See the step by step solution

## Step 1: Write down the given equations

We are given the following equations: $$2x + y - 4 = 0 \quad (1) \\ y^2 - 4x = 0 \quad (2)$$

## Step 2: Solve the system of equations analytically

We will solve the system of equations using the substitution method.
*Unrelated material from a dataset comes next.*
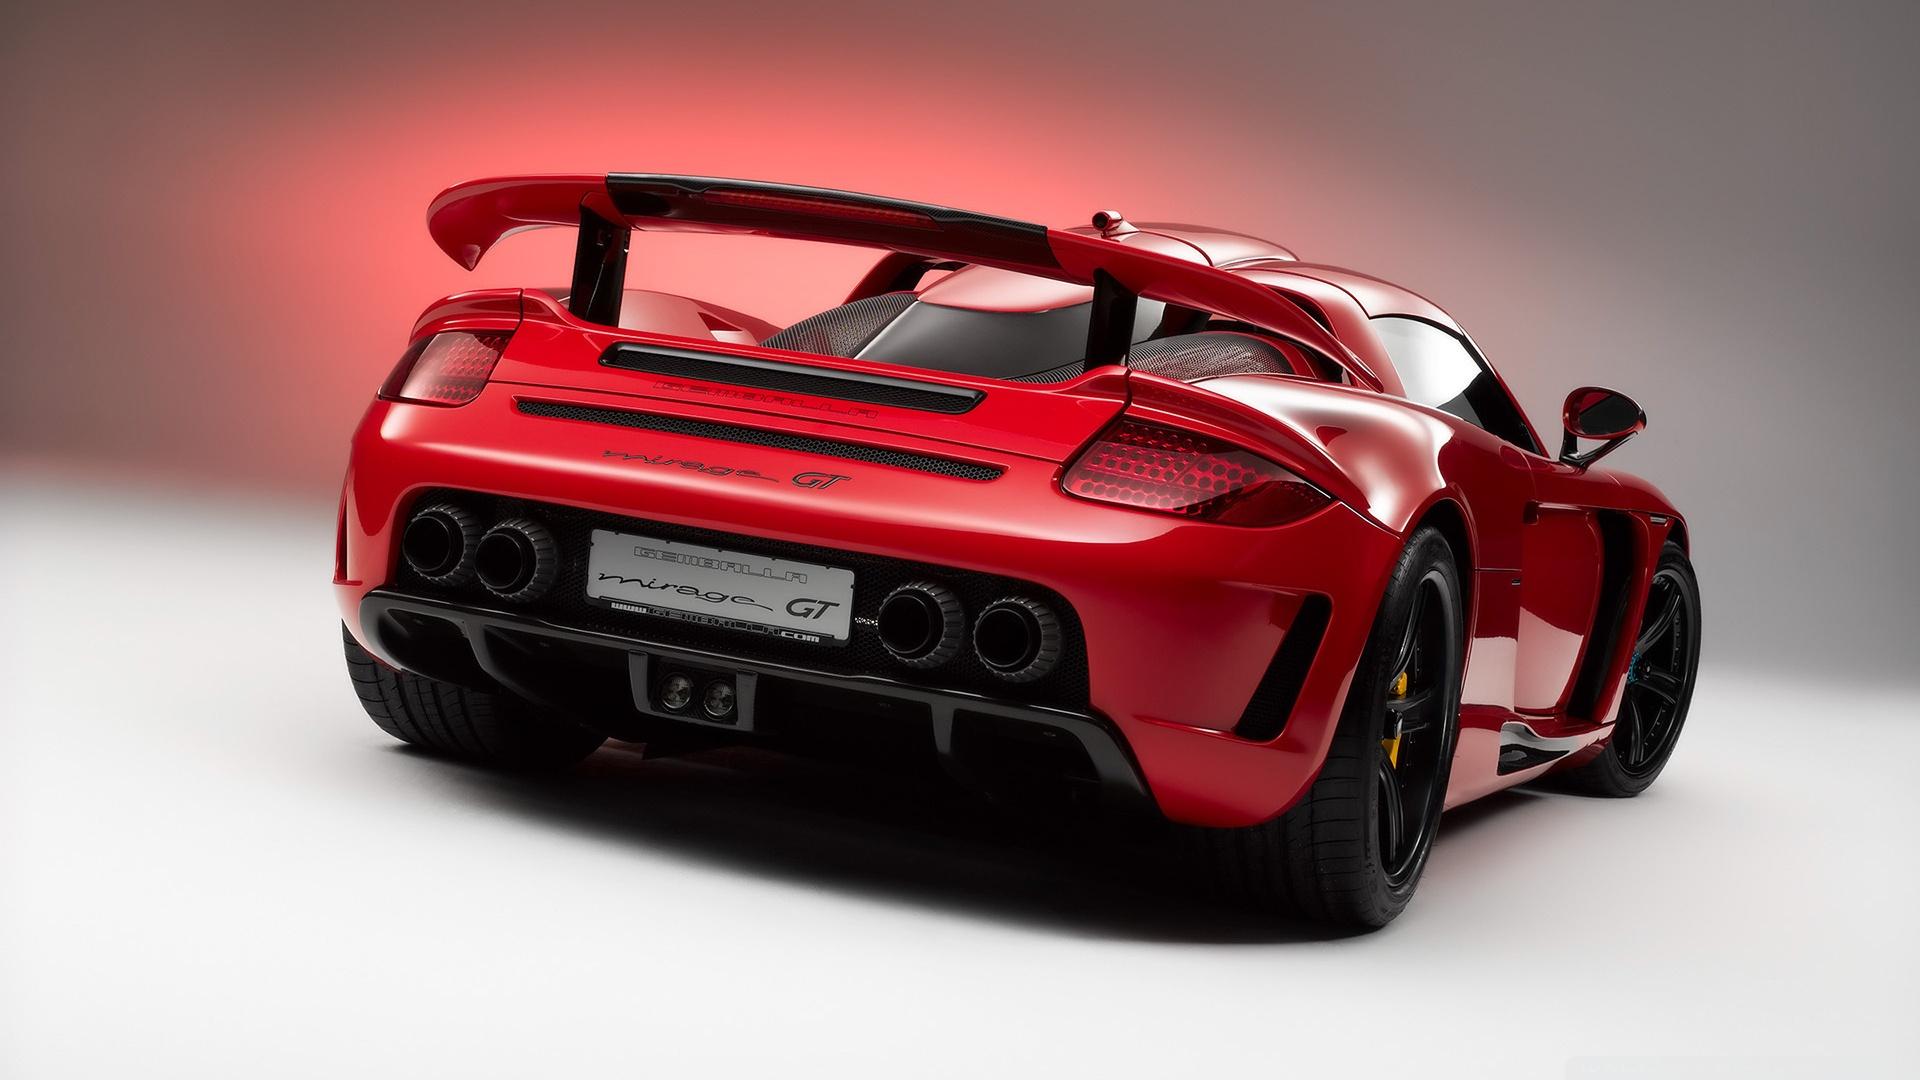 Download Free WallpaperRed Porsche Carrera

We can rewrite equation (1) in terms of y: $$y = 4 - 2x$$ Next, substitute this into equation (2) to solve for x: $$(4 - 2x)^2 - 4x = 0$$

## Step 3: Simplify and solve the quadratic equation for x

Simplify the equation obtained in the previous step: $$(16 - 16x + 4x^2) - 4x = 0 \\ 4x^2 - 20x + 16 = 0$$ Next, divide the equation by 4 to simplify it further: $$x^2 - 5x + 4 = 0$$ Now, factor the quadratic equation: $$(x - 4)(x - 1) = 0$$ From this, we find the two possible values of x: x = 1 and x = 4.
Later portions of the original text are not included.